Los SBS, que cuentan con una discreta base en la costa de Dorset, Inglaterra, son mucho menos numerosos que los SEAL de la marina norteamericana. Raramente son más de doscientos los hombres que llevan el distintivo del cuerpo. Si bien el noventa por ciento proceden de la infantería de marina, actúan como sus primos marines norteamericanos en tierra, mar y aire. Realizan misiones en las montañas, desiertos, selvas, ríos y en mar abierto. En este caso no eran más que dieciséis.

El oficial al mando era el comandante Ben Pickering, un veterano con más de veinte años de servicio. Había sido uno de los miembros del pequeño equipo que había presenciado la matanza de los prisioneros talibanes a manos de la Alianza del Norte en el fuerte de Qala-i-Jangi, en el norte de Afganistán, en el invierno de 1991. Por aquel entonces prácticamente era todavía un adolescente. Ocultos en lo alto de la muralla de la fortaleza, contemplaron el baño de sangre mientras los uzbecos del general Dostum ejecutaban a los prisioneros después de la revuelta talibán.

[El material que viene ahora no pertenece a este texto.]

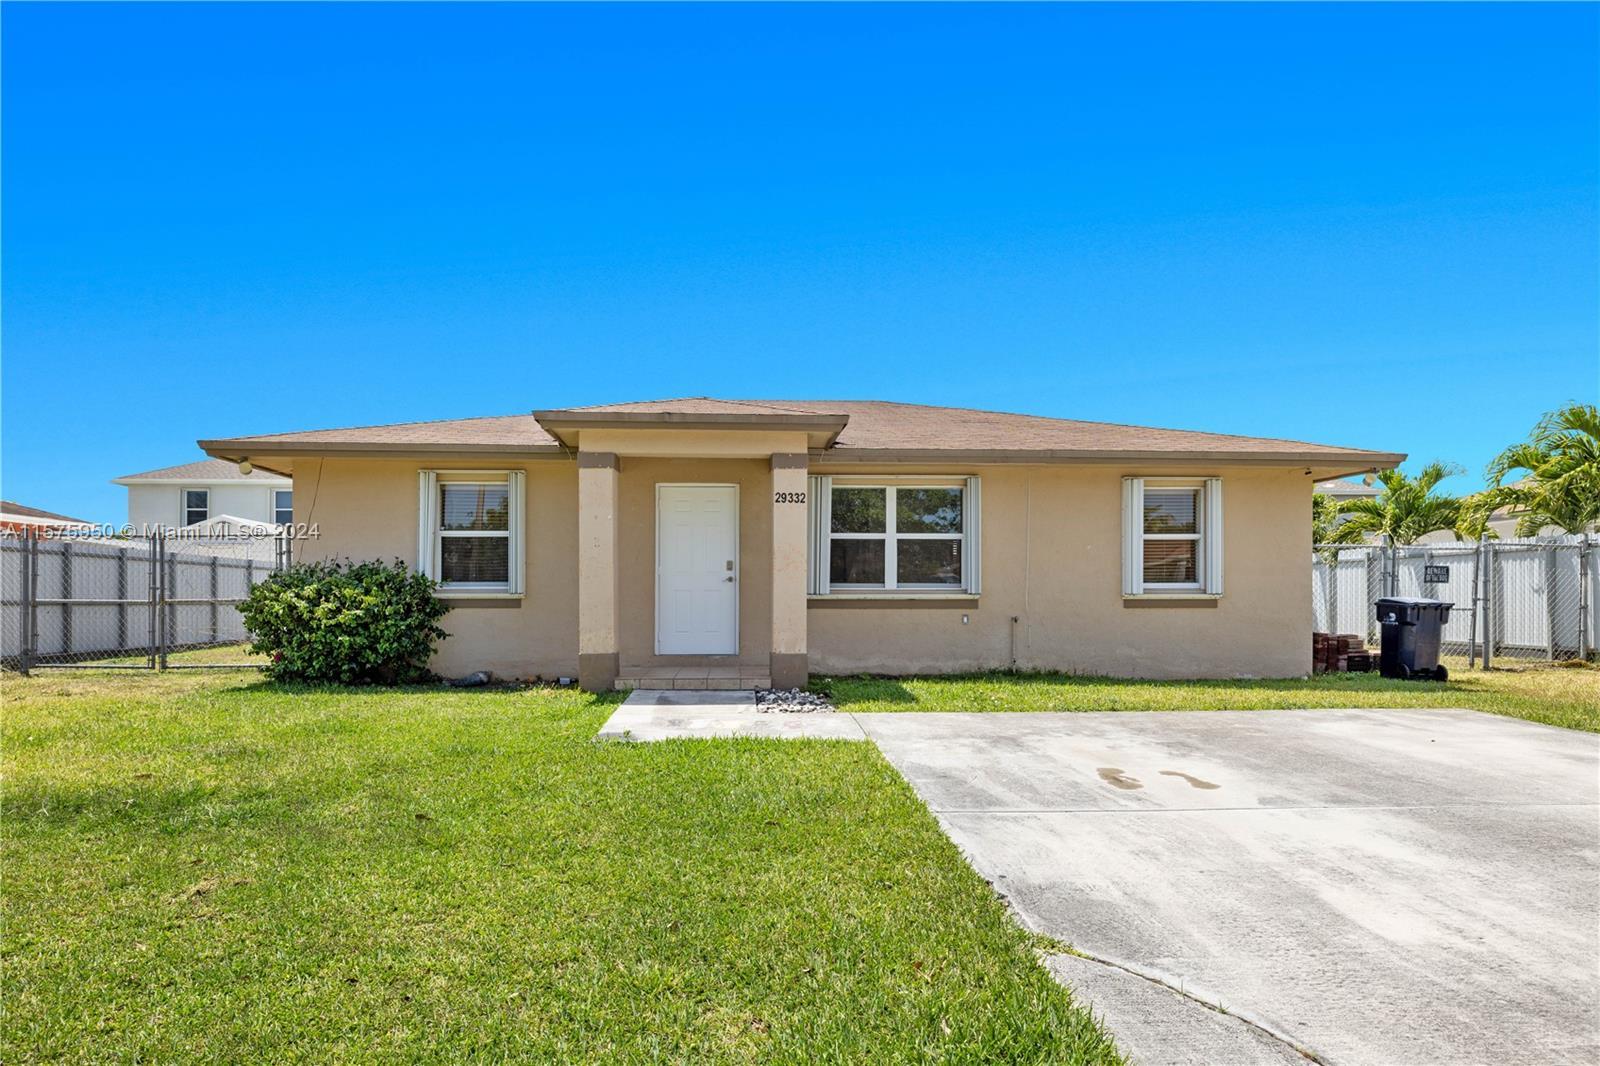 Great starter home that consists of 3 Bed 2 Bath in Homestead. This property features an open kitche

Uno de los dos agentes especiales de la CIA también presentes, Johnny «Mike» Spanna, había sido asesinado por los talibanes prisioneros y su colega Dave Tyson había sido secuestrado. Ben Pickering y otros dos hombres se metieron en aquel agujero infernal, eliminaron a los tres talibanes que retenían al prisionero y se llevaron a Tyson.

El comandante Pickering había servido en Irak, de nuevo en Afganistán y luego en Sierra Leona. También contaba con una gran experiencia en interceptar cargamentos ilegales en el mar, pero nunca había estado al mando de un destacamento a bordo de un buque Q, porque no habían vuelto a usarse desde la Segunda Guerra Mundial.

El día que Cal Dexter, que evidentemente pertenecía al Pentágono, le había explicado la misión en la base del SBS, el comandante Pickering se reunió con su oficial superior y con los armeros para decidir qué necesitarían.

Para las interceptaciones en el mar había escogido dos lanchas neumáticas con casco rígido de ocho metros y medio de eslora, llamadas RIB, del modelo «ártico». Podían transportar a ocho hombres sentados en parejas detrás del oficial al mando y el timonel, que era quien la pilotaba. Pero también subiría a bordo del barco con cocaína que capturaran, a dos expertos de los equipos de búsqueda de la Aduana británica con sus perros. Seguirían a la RIB de asalto a una velocidad menor para no asustar a los animales.

Los aduaneros eran expertos en encontrar compartimientos secretos. Se metían hasta el fondo del casco, donde solían esconderse las cargas ilegales. Los perros eran cocker spaniel, amaestrados no solo para detectar el olor de la cocaína debajo de varias capas de recubrimiento sino los cambios en el aire. Una sentina abierta hacía poco olía diferente de otra cerrada durante meses.

El comandante Pickering, de pie junto al capitán en el ala abierta del puente del Balmoral, vio cómo descargaban sus RIB en la cubierta del carguero. Luego, la grúa del Balmoral enganchó las cinchas y bajó las neumáticas a la bodega.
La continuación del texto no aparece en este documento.